My second reaction was, “Shit. We’ve been pulling our punches!”

We should ask the hard questions

See, one of the reasons Piggy and I decided to start this blog was that too much financial advice ignored the hard questions and contentious issues that drive personal finance. Take, for example, this question: why do some people have more money than others? 

There are so, so many potential answers to this question. People are different! They have different personalities, abilities, interests, advantages, backgrounds, opportunities, drives, beliefs, and knowledge sets. These combine into a set of financial circumstances unique to each individual. The personal finance community seems inclined toward examining only a few of these differences—the ones that are easy to talk about, the ones that cast a flattering light upon ourselves.

Today I’d like to torpedo all hope of winning industry awards by talking about one of the things that this community really, really doesn’t like to talk about. That subject is race, and by extension, the financial advantages of being white in a white supremacist culture.
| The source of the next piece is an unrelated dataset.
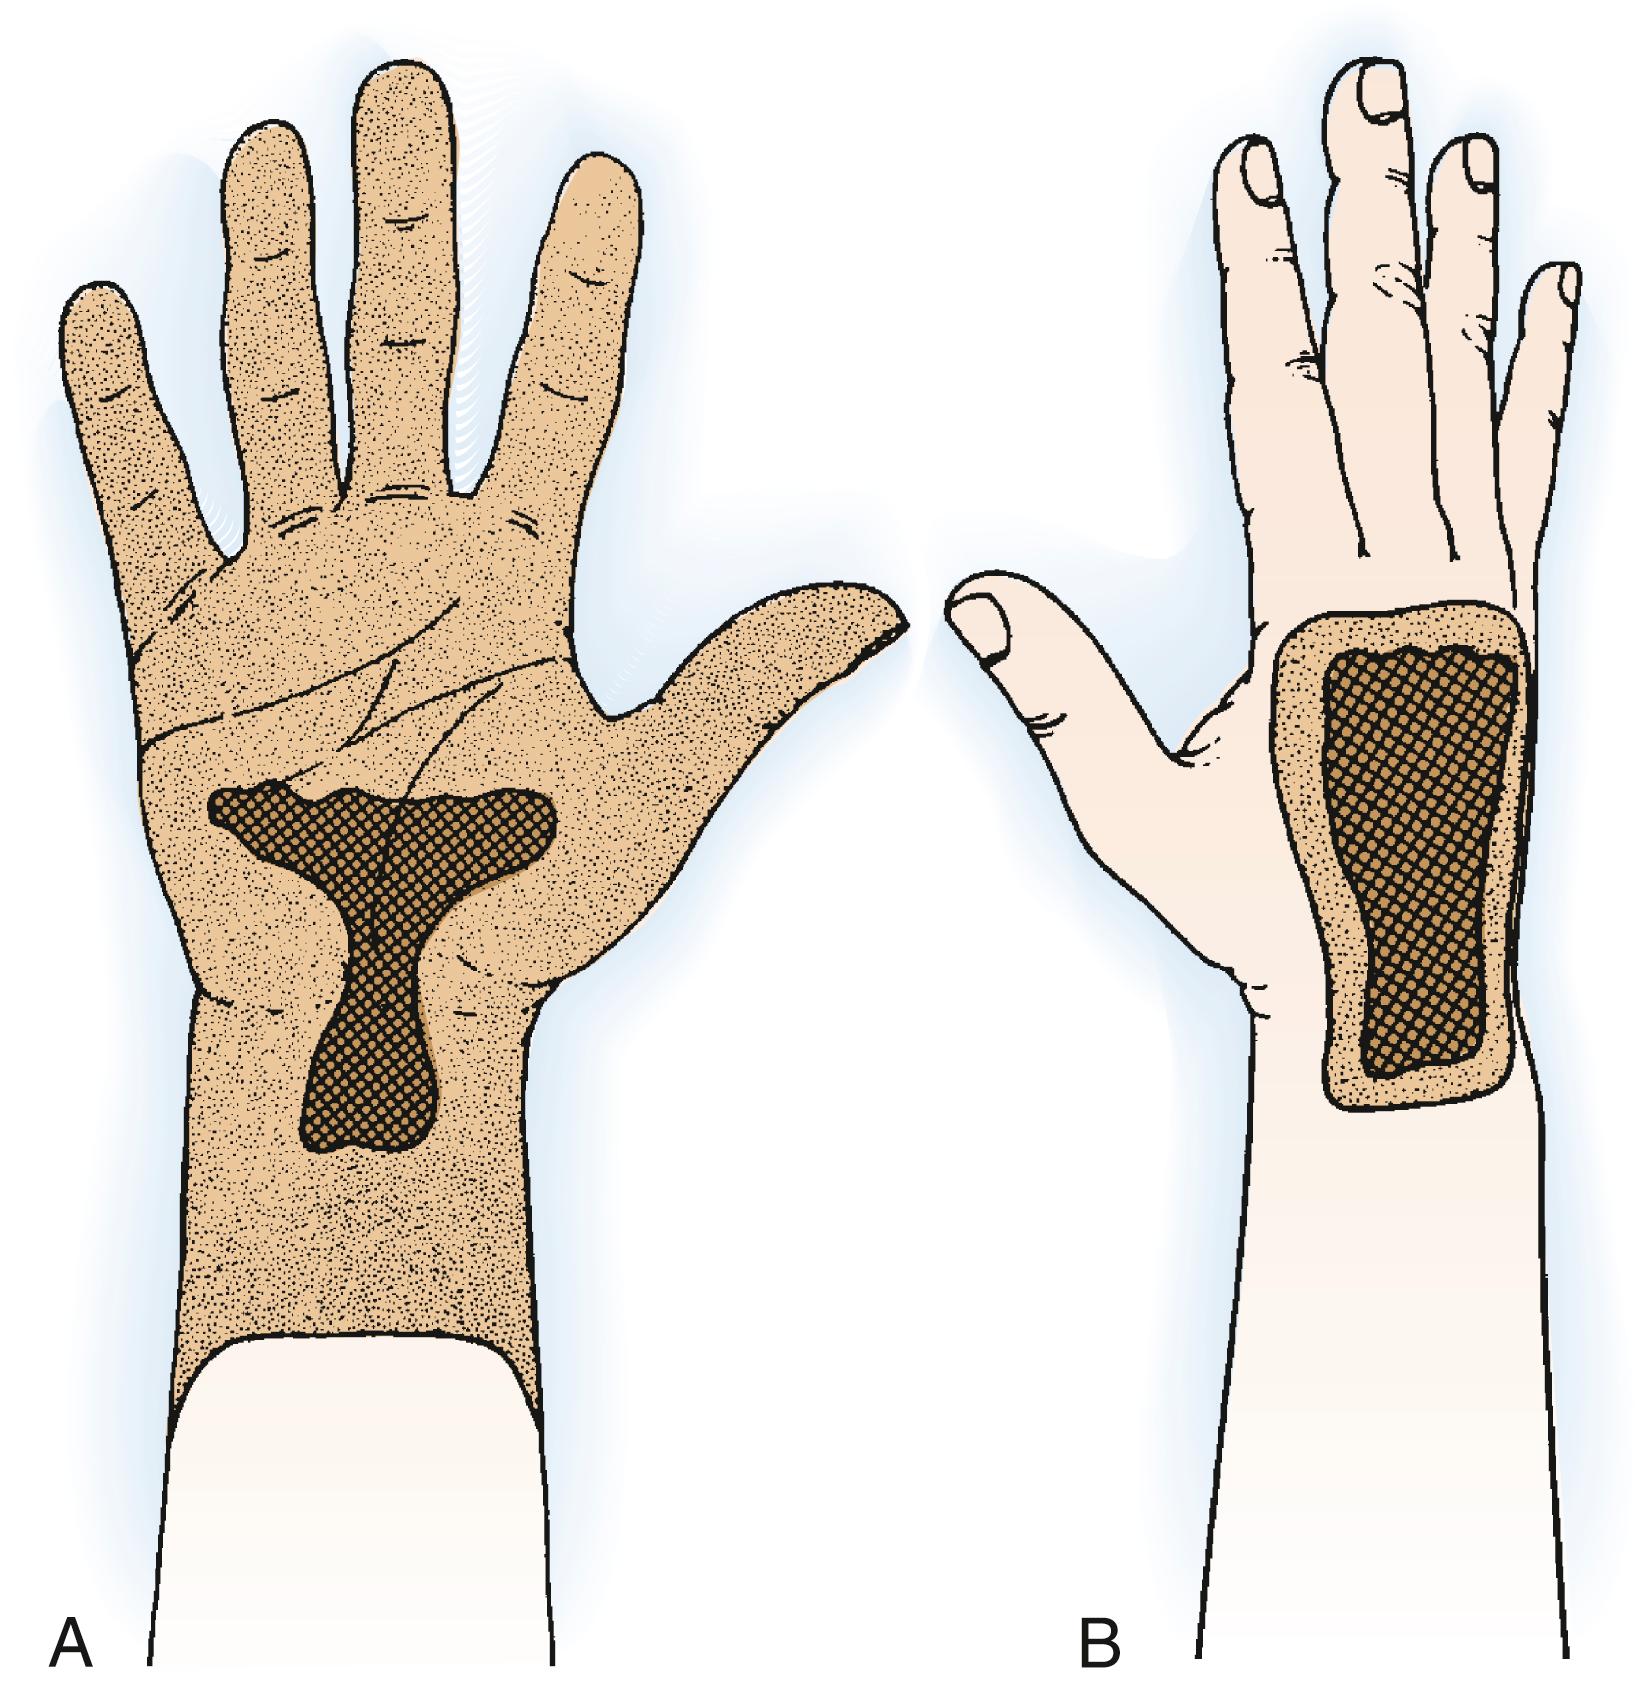 Fig. 59.11, A, Tumors on the proximal volar aspect of the palm often involve the flexor tendons and median and ulnar nerves; forearm- or wrist-level amputation is usually required. B, Lesions on the dorsum of the hand may not necessarily invade vital neurovascular structures and can be adequately resected en bloc, followed by secondary reconstruction.

Friends, I’d like you to extend me a little trust. Take my hand and follow me on a journey. I’m going to try to inventory some of the gifts given to me by a white supremacist culture. I didn’t ask for these gifts—there was no registry, and I will not be sending thank-you notes. But they also didn’t come with a return address, and there’s no way to refuse them. The body I was born with—that of a white woman—comes with undeniable financial advantages. And the legacy of these advantages is terrible  to consider.

Let’s consider it anyway!

You ready?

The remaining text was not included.